A power series
\sum c_n (x-a)^n converges for some values of
x and diverges for others. Remarkably, the convergence set is never
a ragged scatter — it is always an interval centred at
a. There is a number R \in [0, \infty],
the radius of convergence, such that the series
- converges (absolutely) whenever |x - a| < R, and
- diverges whenever |x - a| > R.
Only the two endpoints x = a \pm R are left undecided — each must
be checked by hand. The job of this page is to compute R,
and the tool is the
ratio test.
Deriving the radius from the ratio test
The ratio test looks at the limiting ratio of consecutive terms of a series
\sum u_n: if \lim |u_{n+1}/u_n| = L,
the series converges absolutely when L < 1 and diverges when
L > 1. Apply it to the power series with
u_n = c_n (x-a)^n.
Step 1 — form the ratio of consecutive terms.
\left|\frac{u_{n+1}}{u_n}\right| = \left|\frac{c_{n+1}(x-a)^{n+1}}{c_n (x-a)^n}\right| = \left|\frac{c_{n+1}}{c_n}\right|\,|x - a|.
Step 2 — take the limit. Suppose the coefficient ratio settles to a limit,
\displaystyle \lim_{n\to\infty}\left|\frac{c_{n+1}}{c_n}\right| = \ell.
Since |x-a| is a constant, it pulls outside the limit:
L = \lim_{n\to\infty}\left|\frac{u_{n+1}}{u_n}\right| = \ell \,|x - a|.
Step 3 — impose the convergence condition. The ratio test demands
L < 1 for convergence:
\ell\,|x - a| < 1 \quad\Longleftrightarrow\quad |x - a| < \frac{1}{\ell}.
Step 4 — read off the radius. Comparing with
|x - a| < R, the radius is the reciprocal of the coefficient ratio:
\boxed{\,R = \frac{1}{\ell} = \lim_{n\to\infty}\left|\frac{c_n}{c_{n+1}}\right|\,}
with the natural conventions R = \infty when
\ell = 0 (the terms shrink so fast the series converges
everywhere) and R = 0 when
\ell = \infty (it converges only at the centre).
Three worked radii
(a) \sum x^n/n! gives R = \infty.
Here c_n = 1/n!, so
\left|\frac{c_{n+1}}{c_n}\right| = \frac{n!}{(n+1)!} = \frac{1}{n+1} \to 0 = \ell \quad\Longrightarrow\quad R = \frac{1}{0} = \infty.
Converges for every x — this is the series for
e^x.
(b) \sum n!\,x^n gives R = 0.
Now c_n = n!, so
\left|\frac{c_{n+1}}{c_n}\right| = \frac{(n+1)!}{n!} = n+1 \to \infty = \ell \quad\Longrightarrow\quad R = \frac{1}{\infty} = 0.

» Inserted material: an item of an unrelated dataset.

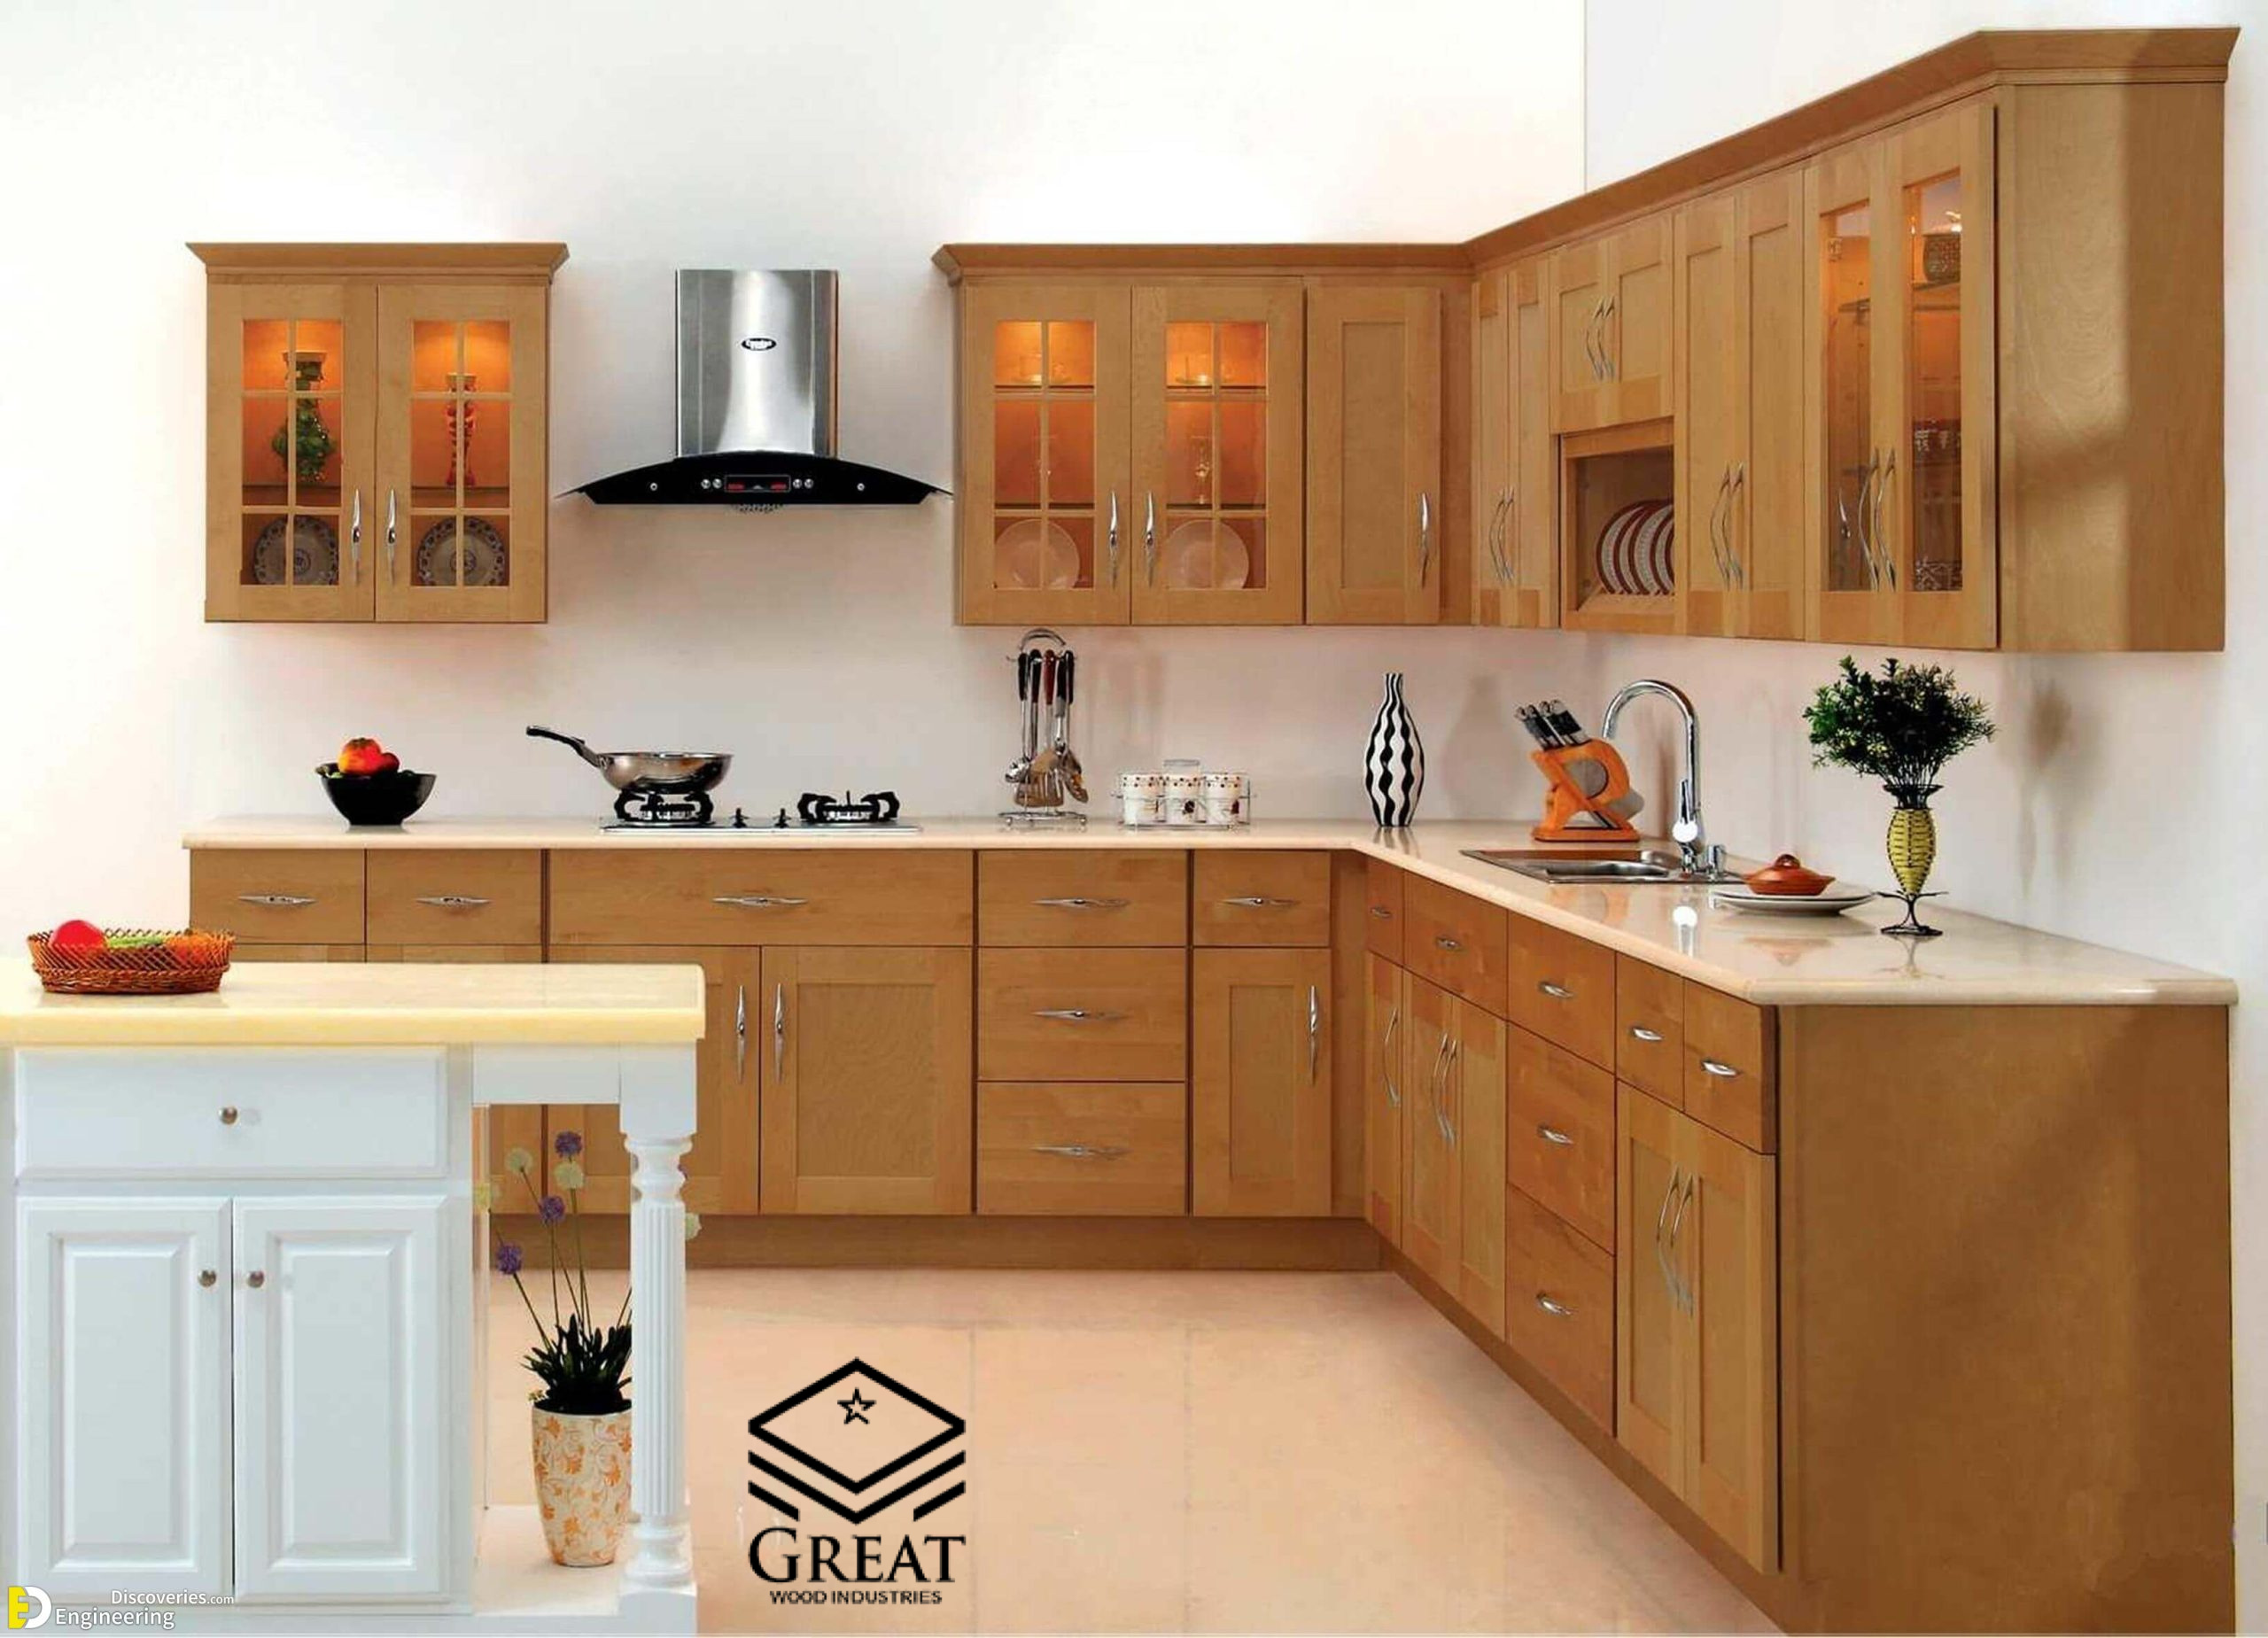 گریت کابینت | شرکت کابینت آشپزخانه گریت | kitchen cabinet design layout pictures including outstanding designer center 2018 1.jpg 1 scaled 1

Converges only at x = 0 — a power series that is barely a function
at all.
(c) \sum x^n/n gives R = 1,
endpoints differing. Here c_n = 1/n:
\left|\frac{c_{n+1}}{c_n}\right| = \frac{n}{n+1} \to 1 = \ell \quad\Longrightarrow\quad R = 1.
So it converges on (-1, 1) and diverges outside
[-1, 1]. The endpoints must be tested separately. At
x = 1 the series is \sum 1/n, the
harmonic series — diverges. At x = -1 it is
\sum (-1)^n/n, the alternating harmonic series —
converges. The interval of convergence is therefore
[-1, 1): same radius, different fates at the two ends.
For a power series \sum c_n (x-a)^n there is a radius
R \in [0, \infty] such that:
-
it converges absolutely for |x - a| < R and diverges for
|x - a| > R;
-
when the limit exists,
R = \lim_{n\to\infty}\left|\dfrac{c_n}{c_{n+1}}\right| (ratio
test), or more generally
1/R = \limsup_{n\to\infty}\sqrt[n]{|c_n|} (Cauchy–Hadamard,
root test);
-
the two endpoints x = a \pm R are not decided
by R and must be checked individually — convergence there can
go either way.
The three worked examples are the three archetypes, and they are genuinely different
species of object:
-
R = 0 (\sum n! x^n): the series is a
function on a single point. Useful only as a formal power series — an algebraic
bookkeeping device, not an analytic function.
-
R finite (\sum x^n/n): a real
function on a bounded interval, with the interesting drama all at the endpoints.
-
R = \infty (\sum x^n/n!): an
entire function, defined on all of
\mathbb{R} (indeed all of \mathbb{C}).
The exponential, sine and cosine all live here.
The endpoint subtlety in case (b) of the worked example —
[-1,1) — is not a blemish but the whole story: the radius is a
blunt instrument that locates the boundary, and the fine question of what happens
on the boundary needs the convergence tests for ordinary numerical series,
including the alternating-series test that rescued x = -1.